Une porte claquée dans mon dos. Je ne peux m’échapper, le risque est partout. Je crains de retrouver dans mes bras un peu de cendres, résidus d’un spectre disparaissant en riant de me voir égaré pour toujours. Le rêve s’achèverait, je m’éveillerais dans une nuit que je ne saurais plus comprendre, appelant sans recevoir de réponse puisque nul n’entendrait des pensées que ma bouche ne pourrait verbaliser. Je conserverais l’impression d’un bientôt différent reculant devant moi à mesure de ma progression.

La saisir, que ce ne soit pas elle qui m’entraîne vers la réalité, compagne de mes pensées, de mes terreurs comme de mes émerveillements. Las d’être seul je ne désire pourtant pas aller vers ceux qui me sont étrangers. Je tire sur les mots comme sur une chaîne, inquiet de connaître le mur dans lequel est fixée la laisse par laquelle me retient mon désir d’immobilité.
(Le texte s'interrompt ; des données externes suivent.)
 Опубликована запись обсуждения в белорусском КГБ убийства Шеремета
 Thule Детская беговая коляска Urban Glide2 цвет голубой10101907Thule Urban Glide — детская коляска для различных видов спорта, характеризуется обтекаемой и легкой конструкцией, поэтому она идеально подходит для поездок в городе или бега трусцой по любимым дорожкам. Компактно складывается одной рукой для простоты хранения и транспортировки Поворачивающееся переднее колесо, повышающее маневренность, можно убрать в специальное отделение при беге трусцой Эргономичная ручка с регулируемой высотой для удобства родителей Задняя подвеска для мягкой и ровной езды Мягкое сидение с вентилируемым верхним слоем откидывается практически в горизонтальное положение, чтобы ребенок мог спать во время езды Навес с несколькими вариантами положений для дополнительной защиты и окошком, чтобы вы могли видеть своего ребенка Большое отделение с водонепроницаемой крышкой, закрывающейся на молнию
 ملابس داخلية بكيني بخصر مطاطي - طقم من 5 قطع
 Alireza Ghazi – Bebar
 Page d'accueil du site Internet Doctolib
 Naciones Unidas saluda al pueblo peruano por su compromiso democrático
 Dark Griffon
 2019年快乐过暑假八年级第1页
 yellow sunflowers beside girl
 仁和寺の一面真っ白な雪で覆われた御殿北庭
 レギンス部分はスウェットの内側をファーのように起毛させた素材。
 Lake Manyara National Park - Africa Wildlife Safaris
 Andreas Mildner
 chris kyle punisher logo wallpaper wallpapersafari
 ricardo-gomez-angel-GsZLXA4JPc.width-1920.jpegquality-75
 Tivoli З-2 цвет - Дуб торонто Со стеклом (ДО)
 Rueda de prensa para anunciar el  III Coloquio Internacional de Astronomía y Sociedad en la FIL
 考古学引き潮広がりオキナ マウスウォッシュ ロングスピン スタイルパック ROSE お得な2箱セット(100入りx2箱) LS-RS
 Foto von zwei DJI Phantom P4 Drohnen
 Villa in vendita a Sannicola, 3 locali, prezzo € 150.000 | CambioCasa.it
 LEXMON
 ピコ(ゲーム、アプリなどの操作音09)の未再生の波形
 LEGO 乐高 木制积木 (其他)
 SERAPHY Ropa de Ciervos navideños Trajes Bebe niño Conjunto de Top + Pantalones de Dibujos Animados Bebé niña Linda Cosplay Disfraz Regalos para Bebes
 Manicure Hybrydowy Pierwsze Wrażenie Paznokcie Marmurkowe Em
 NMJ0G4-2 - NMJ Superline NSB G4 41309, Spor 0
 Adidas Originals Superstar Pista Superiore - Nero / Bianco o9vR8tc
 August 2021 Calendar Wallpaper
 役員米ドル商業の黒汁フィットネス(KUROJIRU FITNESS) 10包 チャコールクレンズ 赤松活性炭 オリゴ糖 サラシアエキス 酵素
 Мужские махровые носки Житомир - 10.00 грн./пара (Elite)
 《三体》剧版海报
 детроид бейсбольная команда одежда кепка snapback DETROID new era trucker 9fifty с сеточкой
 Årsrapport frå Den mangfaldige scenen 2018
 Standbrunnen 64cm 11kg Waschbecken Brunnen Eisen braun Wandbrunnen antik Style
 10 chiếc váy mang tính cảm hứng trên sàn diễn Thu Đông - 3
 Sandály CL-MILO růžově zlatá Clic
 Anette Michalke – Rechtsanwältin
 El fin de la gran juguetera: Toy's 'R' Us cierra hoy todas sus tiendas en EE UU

- Je ne suis pas un piège, si vous y pensez. Vous feignez de croire en une peur que vous ne ressentez plus, par timidité plus que par lâcheté, par habitude et crainte de les voir se modifier. Vous croyez vous dissimuler dans le plus ignoré des recoins de votre terreur. Vous l’auriez pu, que je sois là, que vous m’entendiez, que vous me répondiez prouve la perte de votre désir de vous oublier. Lutter contre soi est le plus vain des affrontements. N’espérez pas celer vos pensées, je suis émanation de votre esprit. Suis-je celle que vous cherchez ou celle que vous fuyez ? J’évolue et vous découvre au rythme de vos émotions. Vous vouliez une création fantasmatique, représentant la folie, la mort, je ne suis ni l’une ni l’autre. Je me dissimulais derrière ces apparences pour vous rassurer. Vous savez ce que je suis, terrifiante, mais tellement prometteuse.